PLASTIC WASTE MANAGEMENT
Introduction to plastics
Plastics are the materials consisting of wide range of synthetic or semi synthetic organic compounds that are malleable and so can be moulded into different solid objects. Basically they are of high molecular mass and most of them are derived from petrochemicals. They are being used in large scale right from paper clips to spacecraft items because of their low cost, ease of manufacture, versatility and imperviousness to water. In developed countries about one-third of plastics are being used in packaging, roughly the same in building applications and rest in automobiles, toys and furniture. In developing countries as in India, 42% are being used in packaging. In recent era usage of plastics has tremendously grown and global consumption of individual plastics is shown in below table.
Table 1: Global consumption of individual plastics
Plastics Global consumption (%)
Polyethylene terephthalate 5.5
Styrene copolymers 3.5
High performance and special plastics 13
Plastic waste management 1
Since 1960, use of plastics has increased dramatically and subsequently portion of our garbage made of plastic has also increased from 1% of total municipal solid waste stream to approximately 13%. Another major concern about plastics in waste stream is their long life span and they are not bio degradable in nature. These wastes directly or indirectly make high impact on ecosystem, particularly on marine life at micro and macro scale.
There are various techniques employed in managing the plastic waste and figure 1 depicts the same.
Figure 1: Plastic waste management technology
Land filling: Land filling of plastics result in the formation of carbon sink, which serves as a home for greenhouse gases and these results in environmental pollution. So nowadays land filling is not encouraged.
Mechanical recycling: This is a method of reprocessing of used plastic into similar one. It is proved to be disadvantageous as cost involved in segregation, transportation is high and it lacks in durability.
Biological recycling: This refers to conversion of biodegradable polymers into biomass.
Incineration: Burning of plastics to destruct it. Since plastics are made with petrochemical products, this results in carbon emissions along with carcinogen resulting in severe health disorders and environmental pollution. So this is not encouraged in most part of the world.
The principle involved in incineration technique is employed in pyrolysis process. In the literature A K Panda et al. showed that calorific value of polyethylene is similar to that of conventional fuels and same is depicted in table 2.

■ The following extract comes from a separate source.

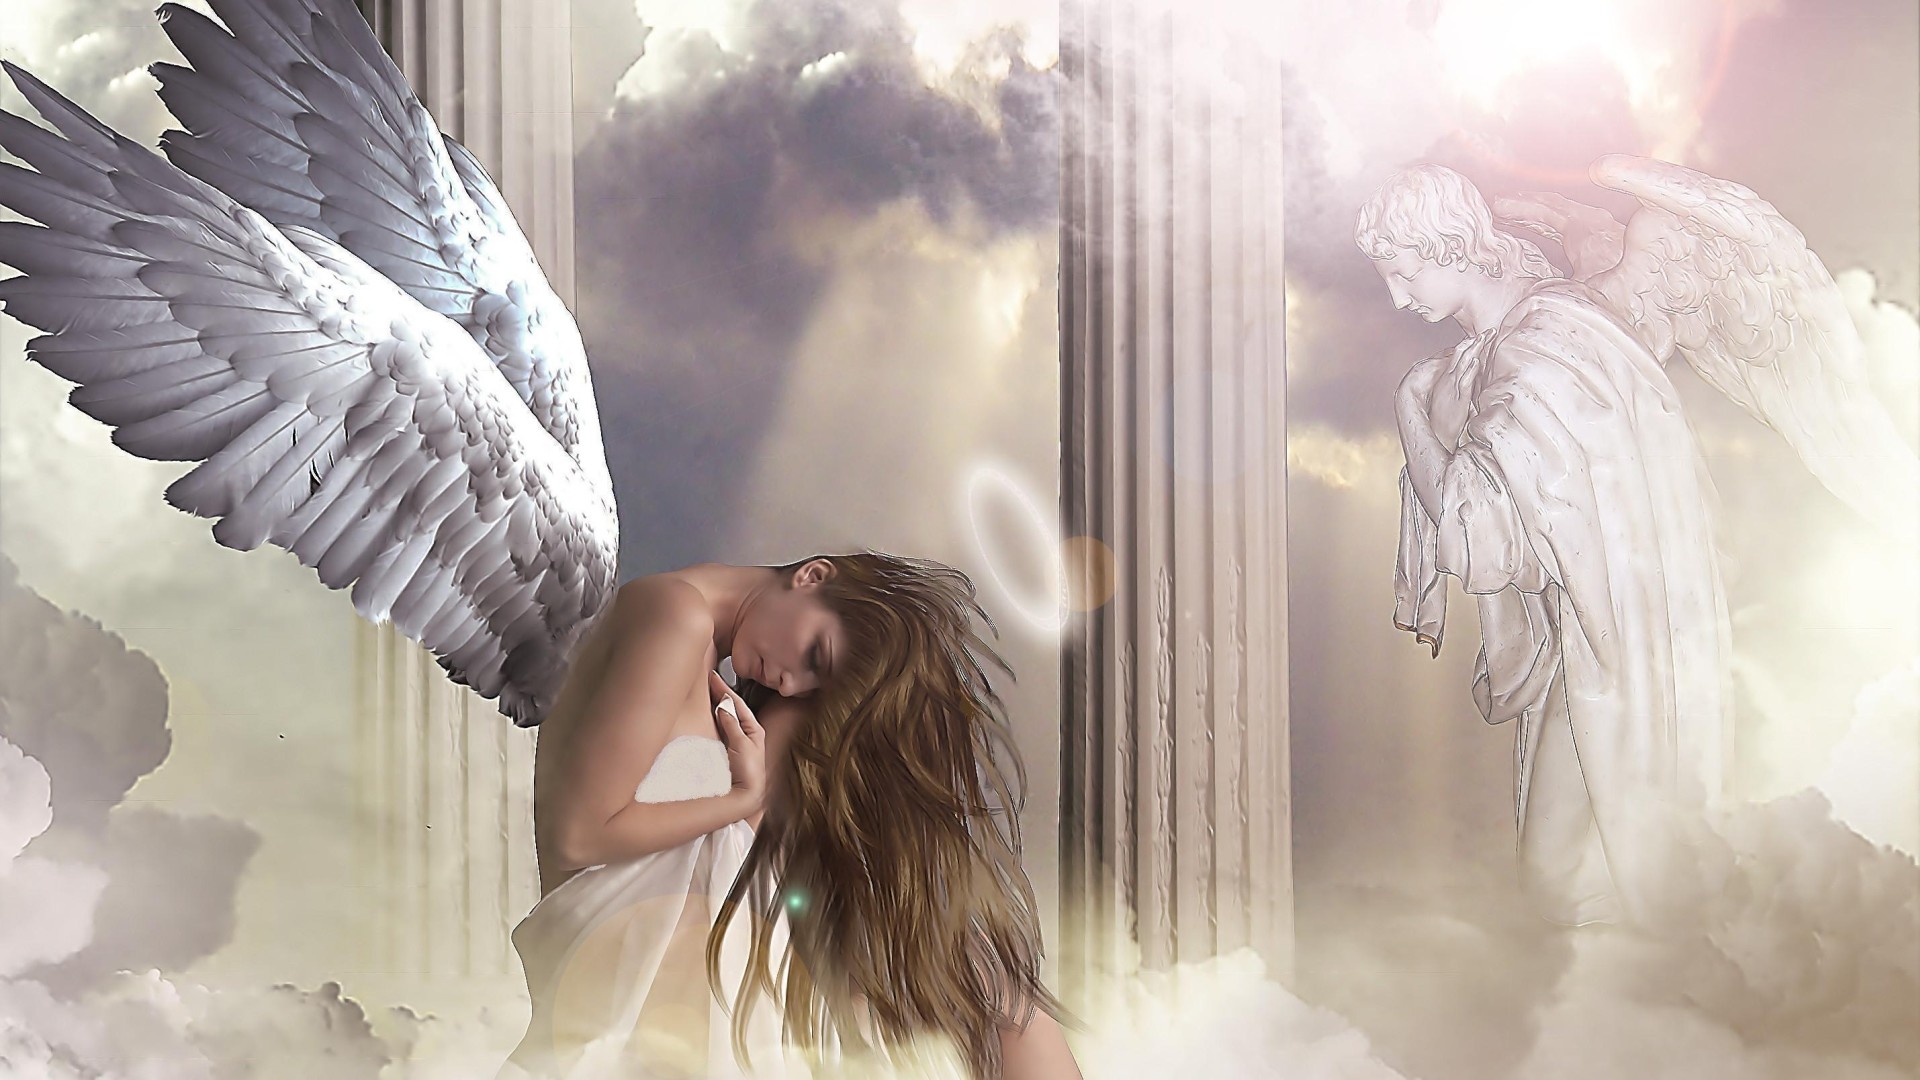 1920x1080 angel wallpaper images Angel Full HD Wallpaper and Background Image   ID:144834

Table 2: Calorific values of conventional fuels in comparison with plastics
Fuel Calorific value(MJ/Kg)
Fuel oil 43
Mixed plastics 30-40
Municipal solid waste 10
Thermo fuel system suitability for different plastics 1
There are varieties of plastics but all plastics are not suitable for producing hydrocarbon fuel. Table 3 shows the thermo fuel system suitability for different plastics.

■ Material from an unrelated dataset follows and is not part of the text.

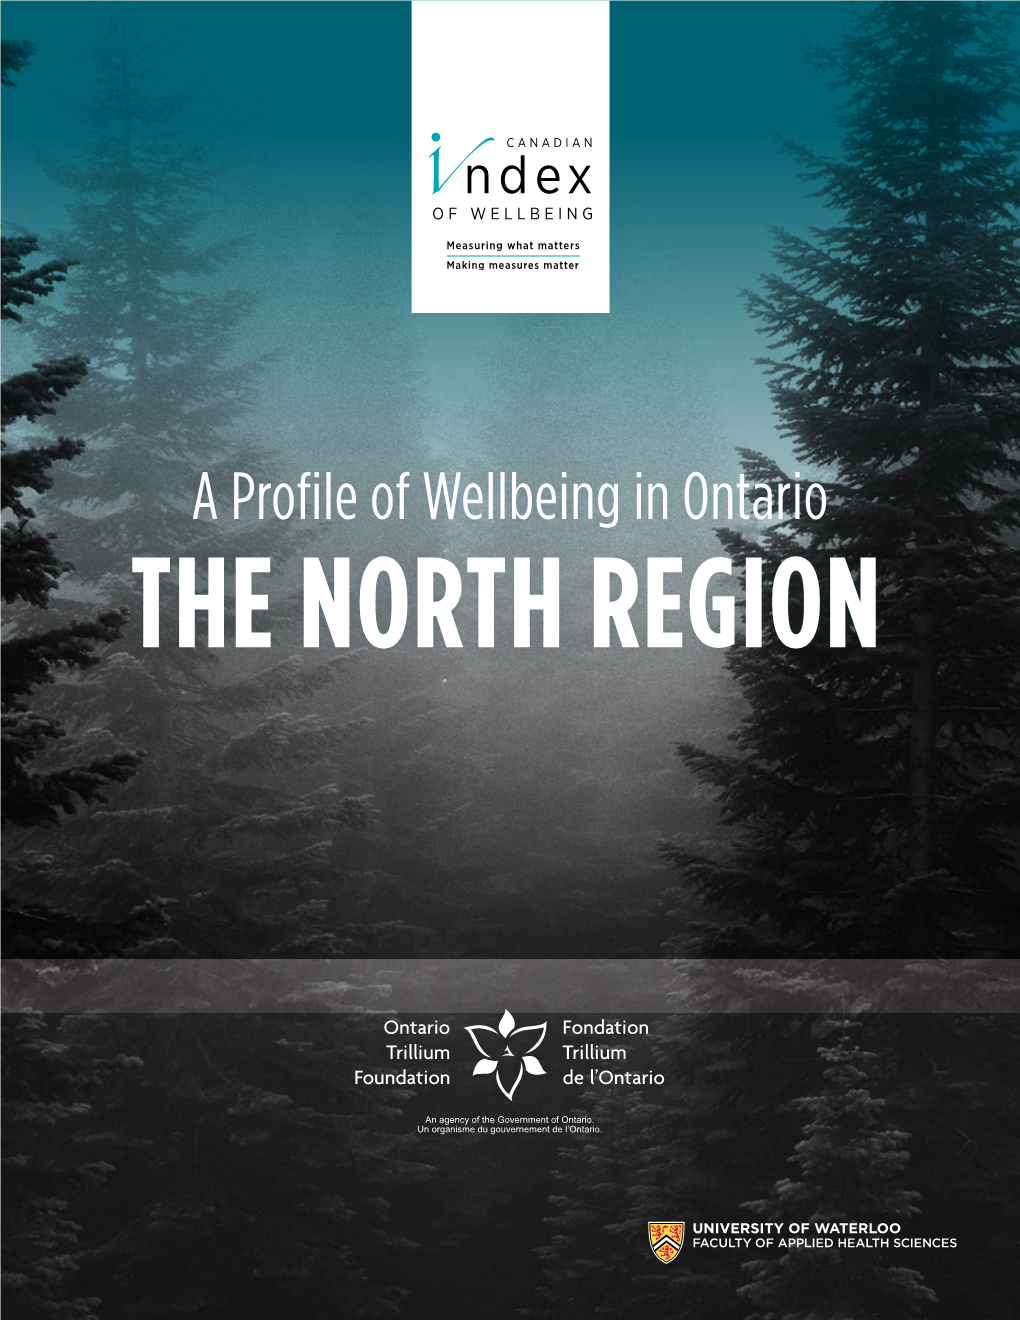 A Profile of Wellbeing in Ontario: the North Region (PDF)

Table 3: Thermo fuel system suitability for different plastics
Plastic Thermo fuel production
Polyethylene Very good
Polypropylene Very good
Polystyrene Very good and gives excellent fuel properties
ABS resin Good
PVC Not suitable
Polyurethane Not suitable
FRP Fair, pre-treatment is required to remove fibres.
PET Not suitable
Conversion of polyethylene into hydrocarbon fuel through pyrolysis.Polyethylene
It is a mixture of similar polymers of ethene (ethylene) with various values of n in (C2H5)n. 80 million tonnes of polyethylene is produced annually and major application is in packaging. There are two types of polyethylene i.e. low density polyethylene (LDPE) and high density polyethylene (HDPE).
Applications of polyethylene
Plastic bags for computer components
Normal plastic bags
Corrosion resistant work surface
Pyrolysis process 2
Figure 2: Pyrolysis process setup
The experimental setup shown in figure 2 for pyrolysis process is shown by Cleetus et al. In construction it constitutes of reactor, condenser, nitrogen cylinder and catalytic cracker as main components.

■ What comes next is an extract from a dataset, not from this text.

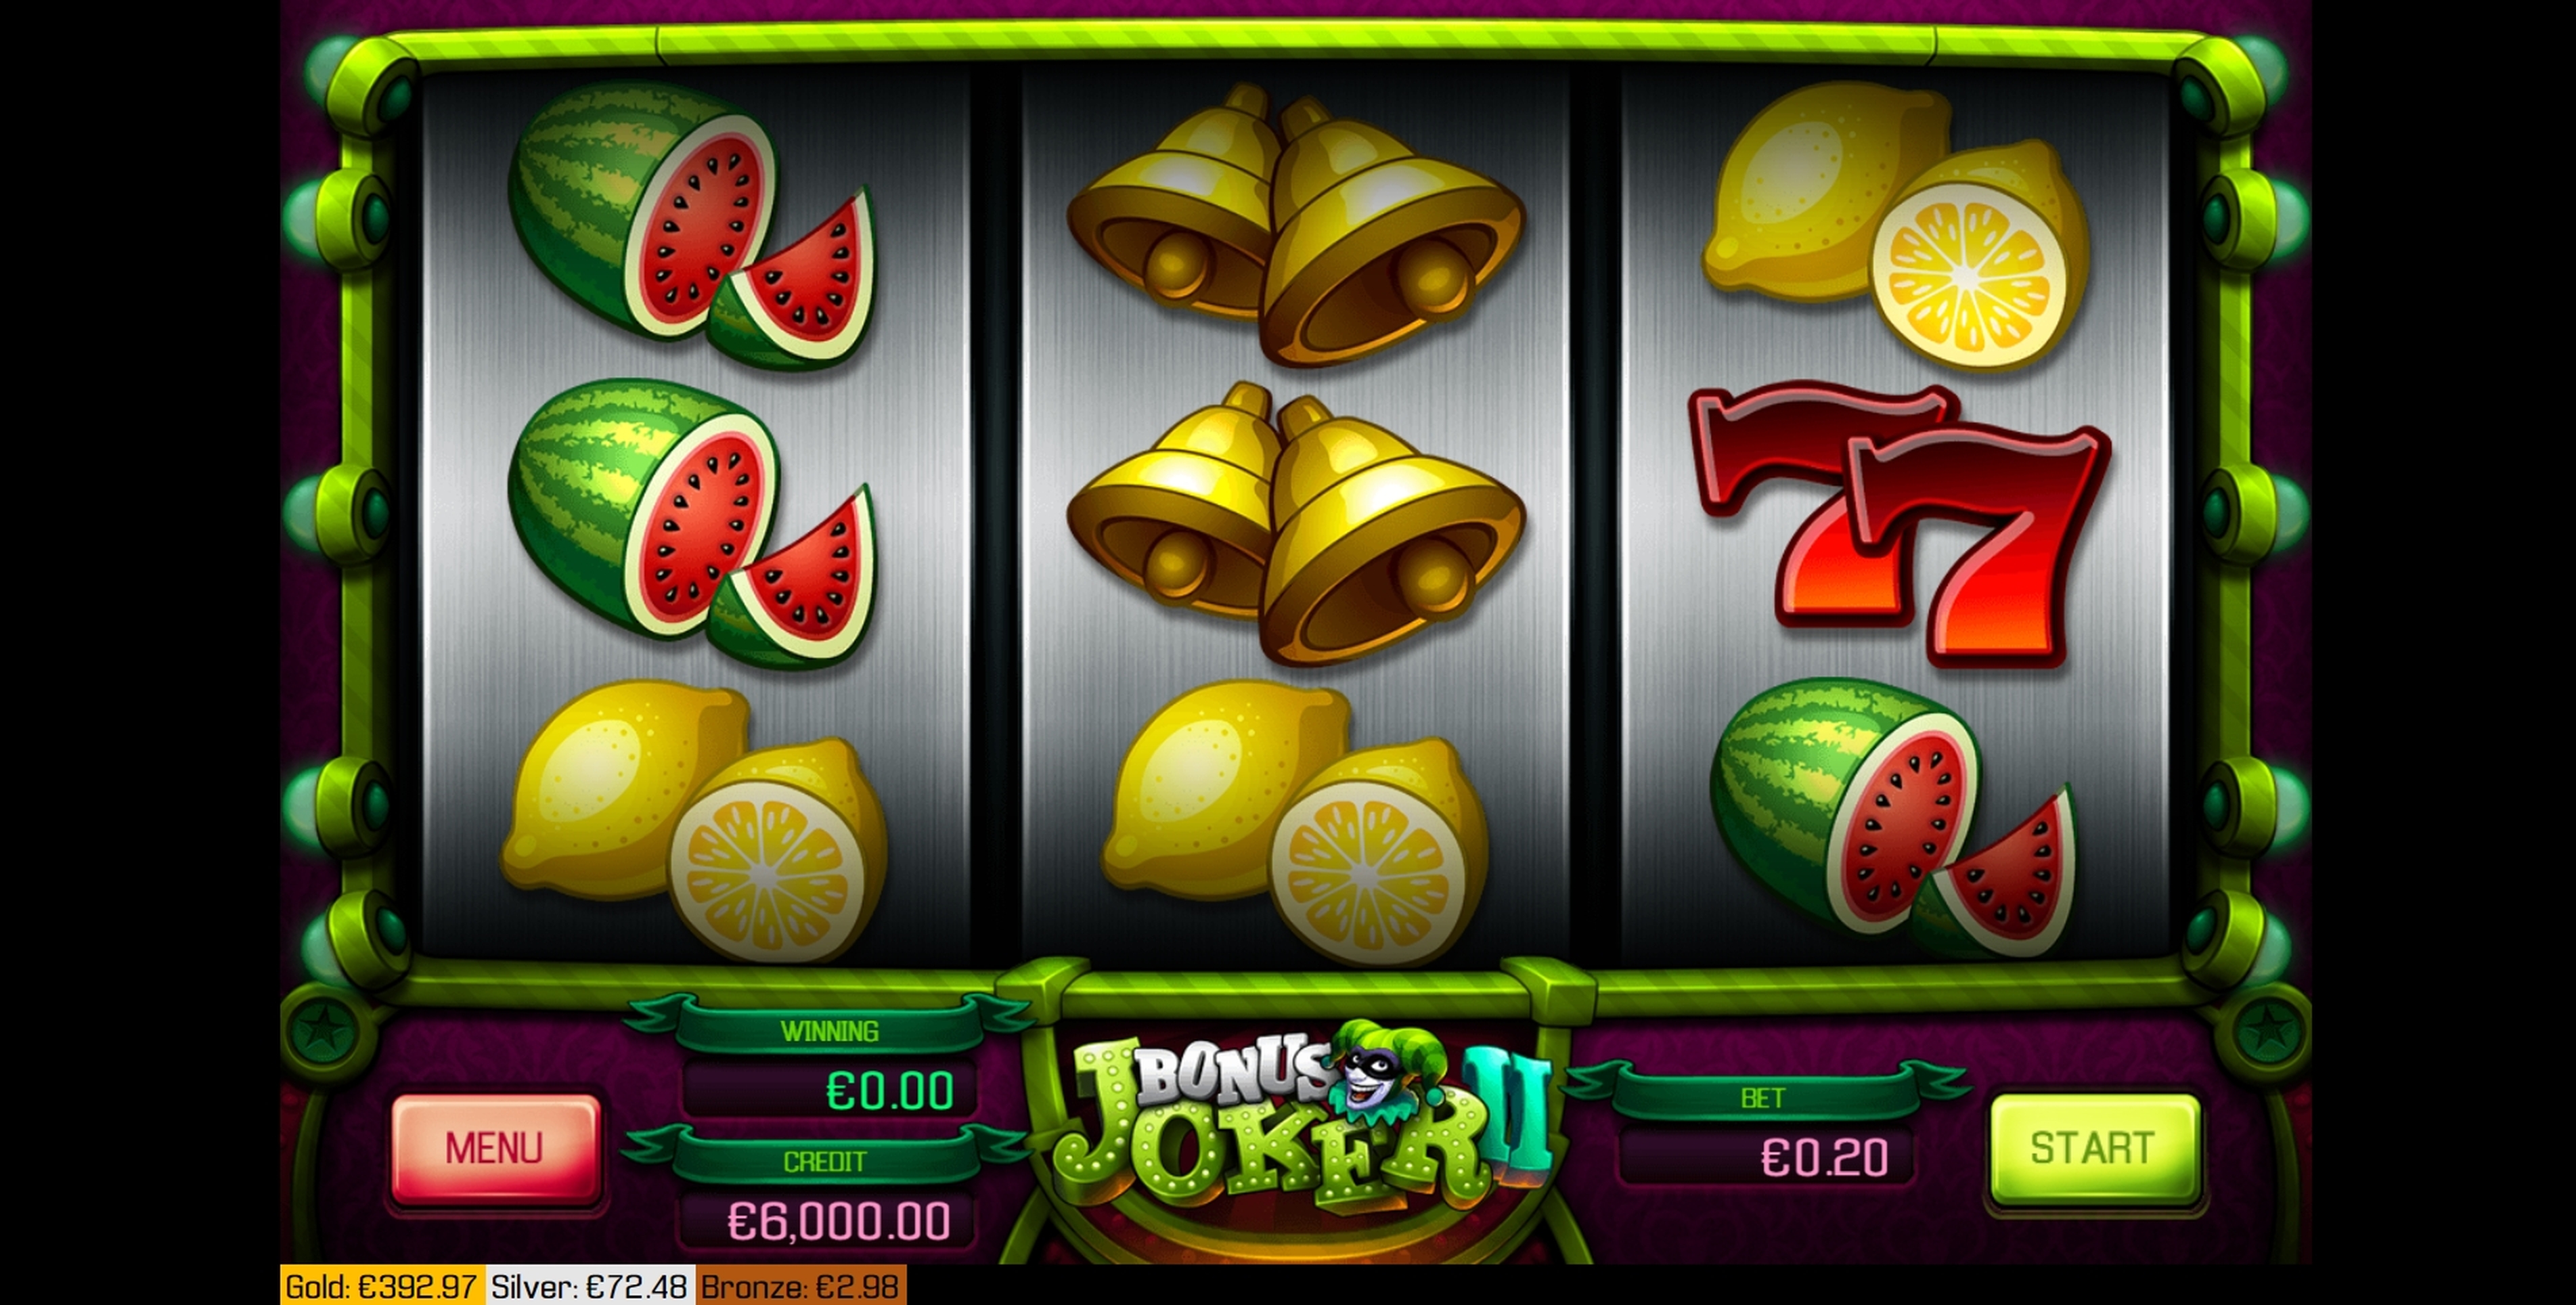 Are there any bonuses and rewards offered by online gambling sites?

Polymer and catalyst at known ratio is taken and they are mixed well such that frictional heat generated is sufficient to remove moisture content. Now this mixture is taken into the reactor and nitrogen gas is introduced to provide inert atmosphere and before switching on the heater nitrogen gas is even passed to heater to remove oxygen content and to provide inert atmosphere. Now heater is switched on, polymer inside the reactor undergo thermal degradation in the presence of catalyst and in the absence of oxygen commonly known as pyrolysis process. After some time vapours are evolved from the reactor and these vapours are made to pass into the condenser 1 of which water is circulated as a coolant at 28 degree centigrade. Low boiling fractions of vapour will be condensed in condenser 1and remaining uncondensed fraction will go to condenser 2 where water is circulated at 10 degree centigrade. This low temperature of water is maintained by accompanying refrigerator. Uncondensed portion of vapour from condenser 2 escapes into atmosphere.
Factors affecting pyrolysis process and yield of fuel.The various factors influencing pyrolysis process is as follows:
Type of reactor
Form of plastic waste
Polymer to catalyst ratio
Catalyst contact mode
Effect of temperature and heating rate
Effect of flow rate of nitrogen gas
Type of reactors 3
Hita et al. studied the types of reactor influencing pyrolysis process.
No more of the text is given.